One powerful feature when it comes to heading estimation is Active Heading stabilization (AHS). The AHS is a software component within the sensor fusion engine designed to give a low-drift unreferenced Yaw solution. It uses the magnetic field to stabilize the Yaw output. This way, drift in Yaw can be as low as 1° after 60 minutes for the MTi 100-series and 3° after 60 minutes for the MTi 10-series.
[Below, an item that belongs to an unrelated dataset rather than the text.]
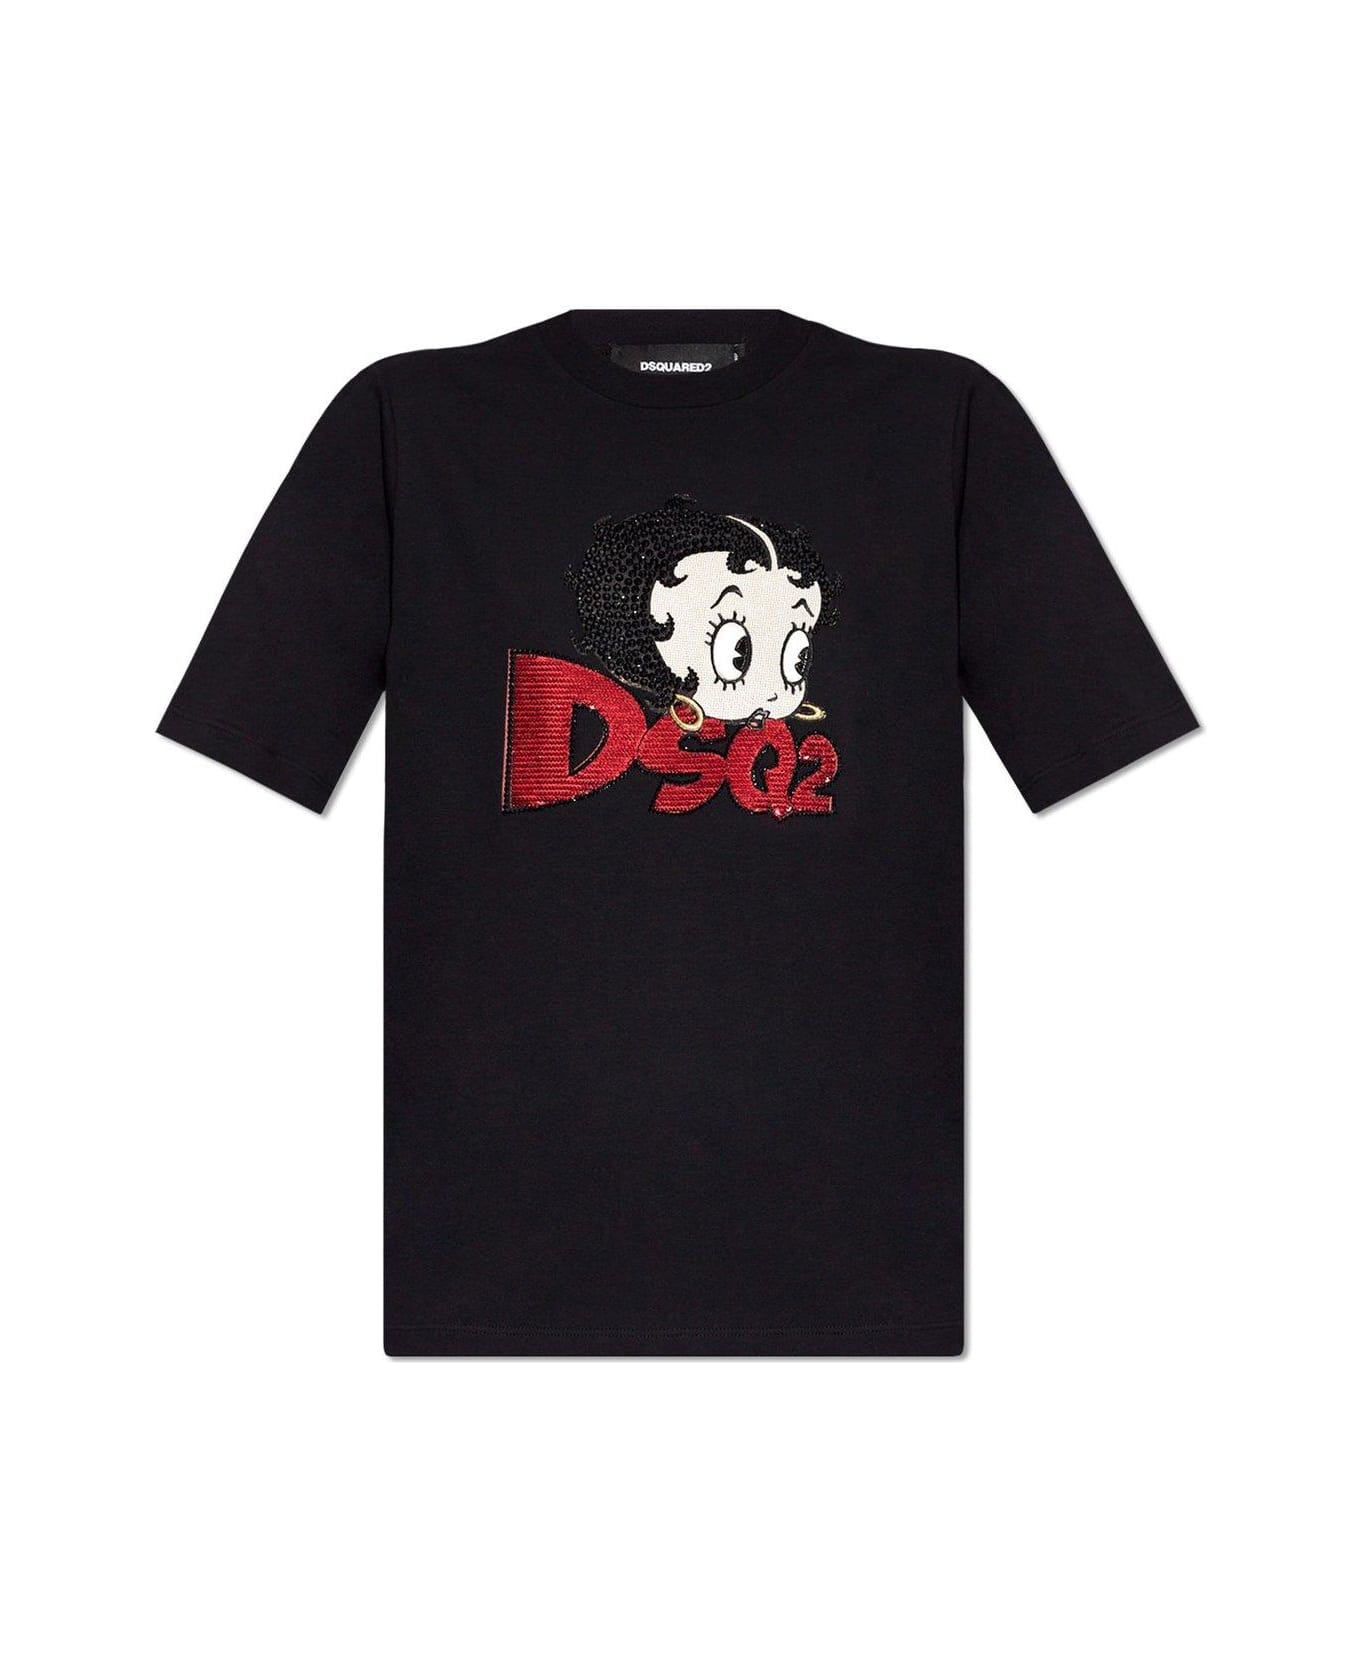 Dsquared2 Betty Boop Sequin Embellished T-shirt - Black Tシャツ
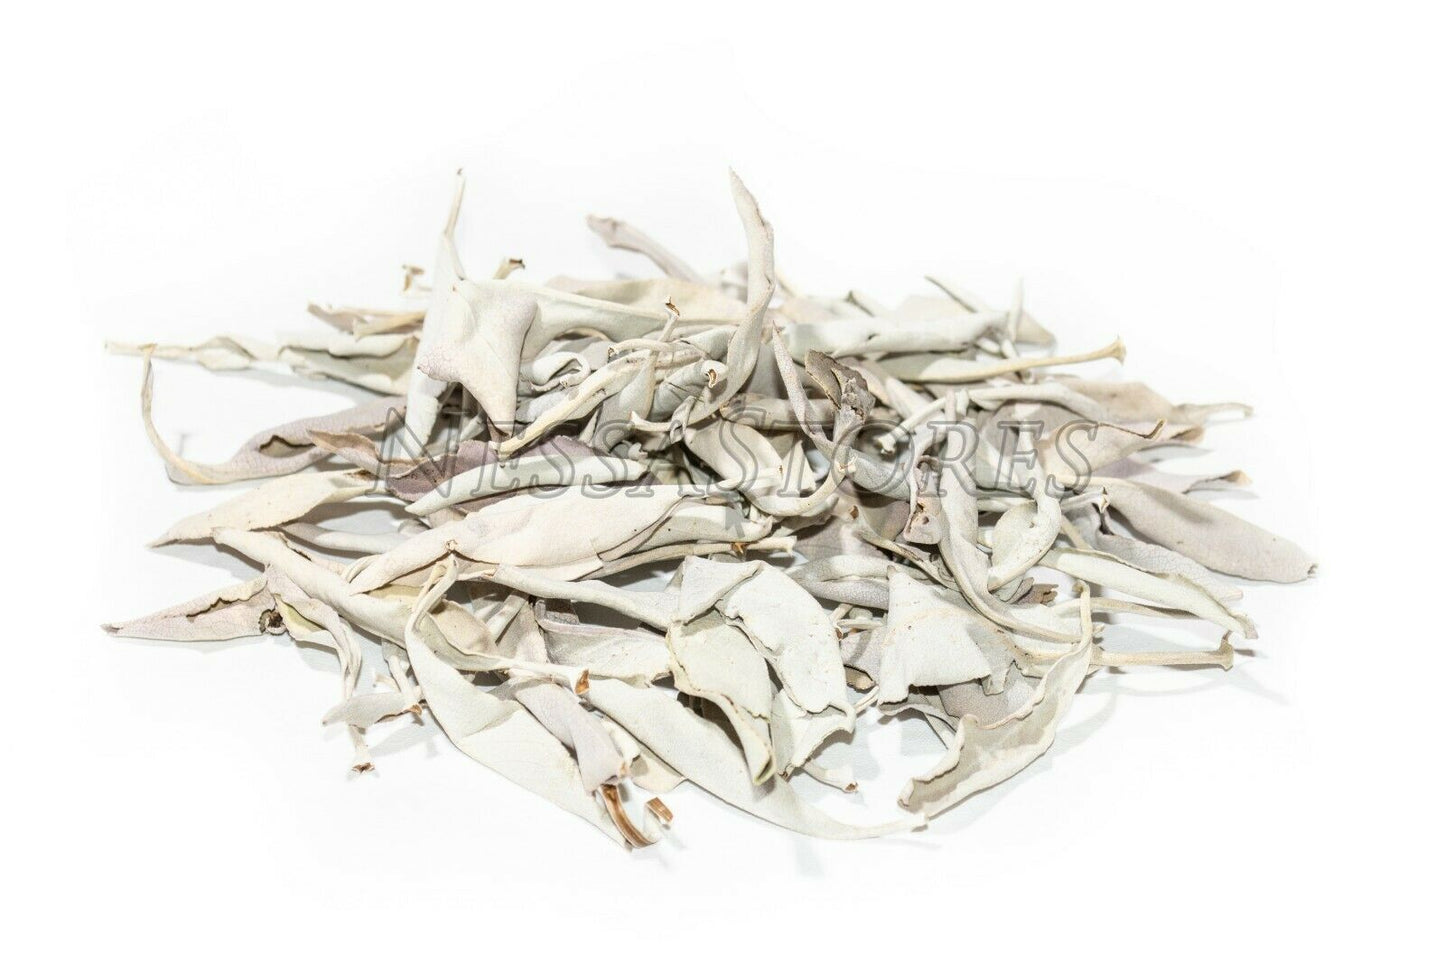 NessaStores California White Sage LEAVES ONLY Incense (1/4 lb) #JC-003

Even if the magnetic field is disturbed, AHS will still function.
AHS is not tuned for nor intended to be used with GNSS/INS devices.. Therefore, Xsens discourages the use of this feature for GNSS/INS devices, such as the MTi-7 and MTi-G-710.
For more information on the activation and use of AHS, refer to the BASE: Active Heading Stabilization
When it is not possible to carry out a Magnetic Field Mapping and when there are hard- and soft-iron effects that are moving with the MTi, it is possible to perform an In-run Compass Calibration (ICC).
In-run Compass Calibration is a way to calibrate for magnetic distortions that move with the sensor using an onboard algorithm, leaving out the need for a host processor like a PC. However, if possible, using the Magnetic Field Mapper tool is preferred. It estimates the hard- and soft-iron effects and provides new magnetometer calibration parameters. To expedite the estimation of magnetometer calibration parameters, there is a Representative Motion feature. Representative Motion is available in MT Manager, XDA and Low-Level Communication Protocol (Xbus protocol).
ICC is currently a feature in beta. For more information, refer to BASE: In-Run Compass Calibration
High quality sensor input is key for good orientation and position performance in an application. Therefore, it is important to take care when installing the sensor (see also following chapters) as well as allow the internal algorithms to have a good estimation of sensor parameters.
Even though during Xsens factory calibration all characteristics of each sensing element are written in the memory of the MTi, there are some characteristics, for example, gyroscope bias, which can change over the lifetime or per power cycle of the MTi device. A more in-depth discussion on sensor bias can be found on BASE: Understanding Sensor Bias
During the initialization phase, the performance of the MTi may be sub-optimal, because the gyroscope biases are not yet estimated correctly. This chapter is to provide two best practices to allow the algorithm to reach optimal performance as quickly as possible by allowing it to estimate the gyroscope biases.
The internal algorithms of the MTi can estimate the biases of the gyroscopes while it is in use. However, upon start-up, there has not yet been a possibility to estimate the biases properly. The Manual Gyro Bias Estimation functionality is designed to allow the MTi to estimate the gyro biases quickly (<10s) and accurately.
A typical application start-up procedure could be as follows:
More information on the use of Manual Gyro Bias Estimation can be found on BASE: Manual Gyro Bias Estimation
The MTi can use the direction of gravity to determine its gyroscope biases. The MTi uses three gyroscopes in perpendicular axes. This means that two gyroscope axes are perpendicular to gravity and one gyroscope axis is aligned with gravity when the MTi is placed on a horizontal surface.
In this situation, the bias of the gyroscope that is aligned with gravity cannot be estimated. Therefore, if 3D motion is applied to the sensor, e.g. the vertical axis is rotated sufficiently away from the vertical, the last sensor bias becomes observable to the filter of the MTi.